On success, the value of time in seconds since the Epoch is returned. On error, ((time_t) -1
) is returned, and errno is set to indicate the error.
#include <cstdio>
#include <time.h>
int main()
{
time_t result = time(NULL);
printf("time(NULL): %d\n", result);
}
/*
$./a.out
time(NULL): 1673429363
*/
// std::time
// https://en.cppreference.com/w/cpp/chrono/c/time
#include <iostream>
#include <ctime>
int main()
{
std::time_t result = std::time(nullptr);
std::cout << std::asctime(std::localtime(&result))
<< result << " seconds since the Epoch\n";
}
/*
$./a.out
Wed Jan 11 17:04:57 2023
1673427897 seconds since the Epoch
*/
gettimeofday 相比 time 除了获取 seconds 还可以获取 microseconds
#include <cstdio>
#include <time.h>
#include <sys/time.h>
int main()
{
time_t result = time(NULL);
printf("time(NULL): %d\n", result);
struct timeval tv;
gettimeofday(&tv , NULL);
printf("gettimeofday: %ld.%06ld\n", tv.tv_sec, tv.tv_usec);
}
/*
$./a.out
time(NULL): 1673429363
gettimeofday: 1673429363.980282
*/
gettimeofday 获取 Unix 时间戳
参考:https://man7.org/linux/man-pages/man2/settimeofday.2.html
#include <sys/time.h>
int gettimeofday(struct timeval *restrict tv,
struct timezone *restrict tz);
int settimeofday(const struct timeval *tv,
const struct timezone *tz);
The functions gettimeofday()
and settimeofday()
can get and set the time as well as a timezone.
The tv
argument is a struct timeval
(as specified in <sys/time.h>
)
struct timeval {
time_t tv_sec; /* seconds */
suseconds_t tv_usec; /* microseconds */
};
and gives the number of seconds and microseconds since the Epoch (see time(2)).
The tz
argument is a struct timezone
:
struct timezone {
int tz_minuteswest; /* minutes west of Greenwich */
int tz_dsttime; /* type of DST correction */
};
If either tv
or tz
is NULL
, the corresponding structure is not set or returned. (However, compilation warnings will result if tv
is NULL
.)
The use of the timezone
structure is obsolete; the tz
argument should normally be specified as NULL
.
gettimeofday()
and settimeofday()
return 0 for success.
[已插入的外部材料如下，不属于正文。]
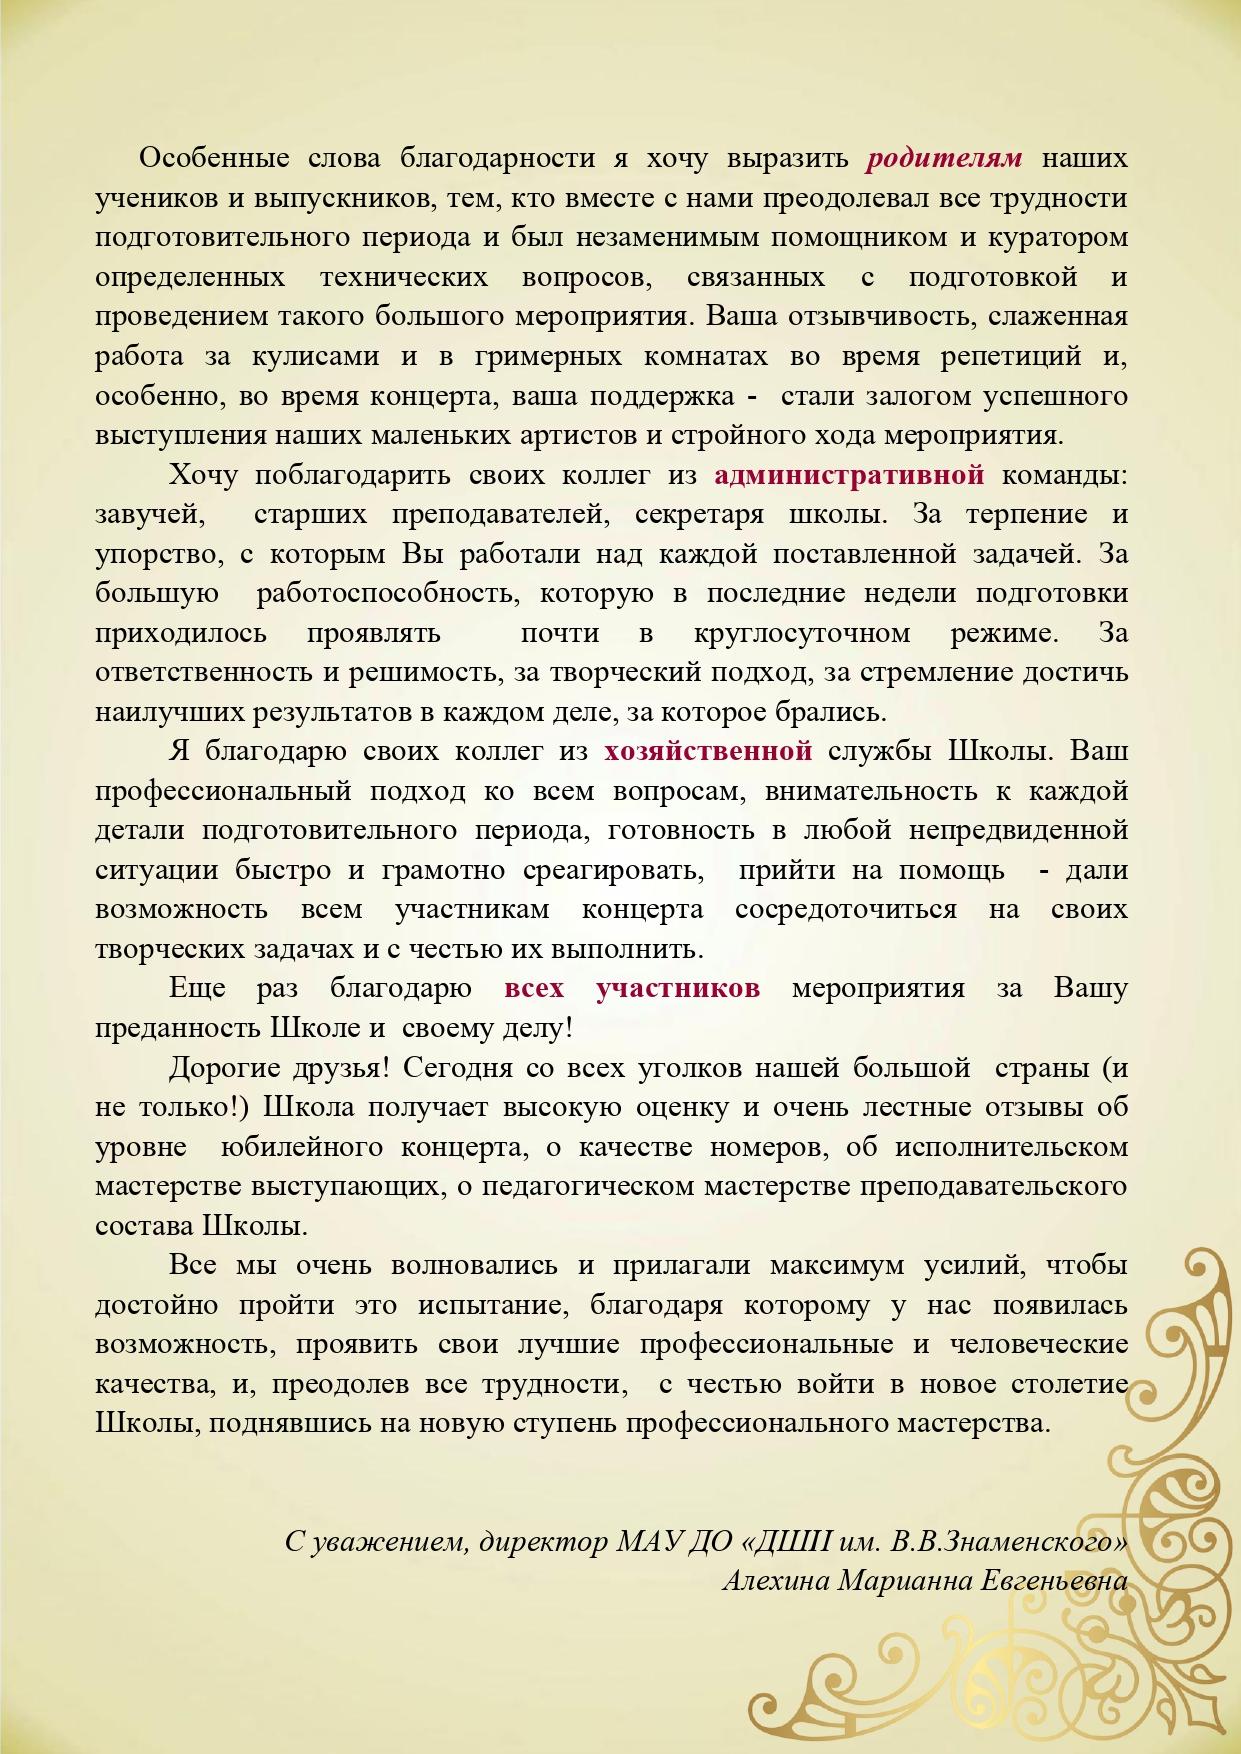 Благодарность  участникам юбилейного концерта стр. 2

On error, -1
is returned and errno
is set to indicate the error.
#include <cstdio>
#include <sys/time.h>
int main(void)
{
struct timeval tv;
gettimeofday (&tv , NULL);
printf("%ld.%06ld\n", tv.tv_sec, tv.tv_usec);
}
/*
$./a.out
1673426536.297965
*/
时间和时区
$date
2023年 01月 11日 星期三 17:45:15 CST
$date -R
Wed, 11 Jan 2023 17:42:59 +0800
整个地球分为二十四时区,每个时区都有自己的本地时间。
- UTC 时间与 GMT 时间
格林威治时间和UTC时间都用秒数来计算的。
- UTC 时间与本地时间
UTC + 时区差 = 本地时间
时区差东为正,西为负。在此,把东八区时区差记为 +0800
UTC + (+0800) = 本地(北京)时间
- UTC 与 Unix 时间戳
在计算机中看到的 UTC 时间都是从(1970年01月01日 00:00:00) 开始计算秒数的,这个秒数就是 Unix 时间戳。
测试代码:
// https://en.cppreference.com/w/cpp/chrono/c/localtime
#include <iostream>
#include <sstream>
#include <iomanip>
#include <ctime>
int main()
{
setenv("TZ", "/usr/share/zoneinfo/America/Los_Angeles", 1); // POSIX-specific
std::tm tm{}; // zero initialise
tm.tm_year = 2020-1900; // 2020
tm.tm_mon = 2-1; // February
tm.tm_mday = 15; // 15th
tm.tm_hour = 10;
tm.tm_min = 15;
tm.tm_isdst = 0; // Not daylight saving
std::time_t t = std::mktime(&tm);
std::cout << "UTC: " << std::put_time(std::gmtime(&t), "%c %Z") << '\n';
std::cout << "local: " << std::put_time(std::localtime(&t), "%c %Z") << '\n';
}
/*
UTC: Sat Feb 15 18:15:00 2020 GMT
local: Sat Feb 15 10:15:00 2020 PST
*/
结论:
time
和gettimeofday
获取的 Unix 时间戳不受时区影响都是一样的,通过修改/etc/localtime
文件修改时区,从而根据时区转换为当前的时间。gmtime
给出的是 GMT 标准时间,localtime
给出的是根据时区转换过的本地时间。
refer:
- https://www.cnblogs.com/linuxbug/p/4887006.html
时钟设备
查看当前使用的时钟设备:
$cd /sys/devices/system/clocksource/clocksource0
$ll
total 0
-r--r--r-- 1 root root 4096 Nov 3 10:04 available_clocksource
-rw-r--r-- 1 root root 4096 Nov 3 10:04 current_clocksource
drwxr-xr-x 2 root root 0 Nov 3 10:04 power
lrwxrwxrwx 1 root root 0 Oct 30 05:00 subsystem -> ../../../../bus/clocksource
-rw-r--r-- 1 root root 4096 Oct 29 09:33 uevent
$cat current_clocksource
kvm-clock
$cat available_clocksource
kvm-clock tsc acpi_pm
修改时钟设备:
# Dynamically and temporarily (not persistent to reboots)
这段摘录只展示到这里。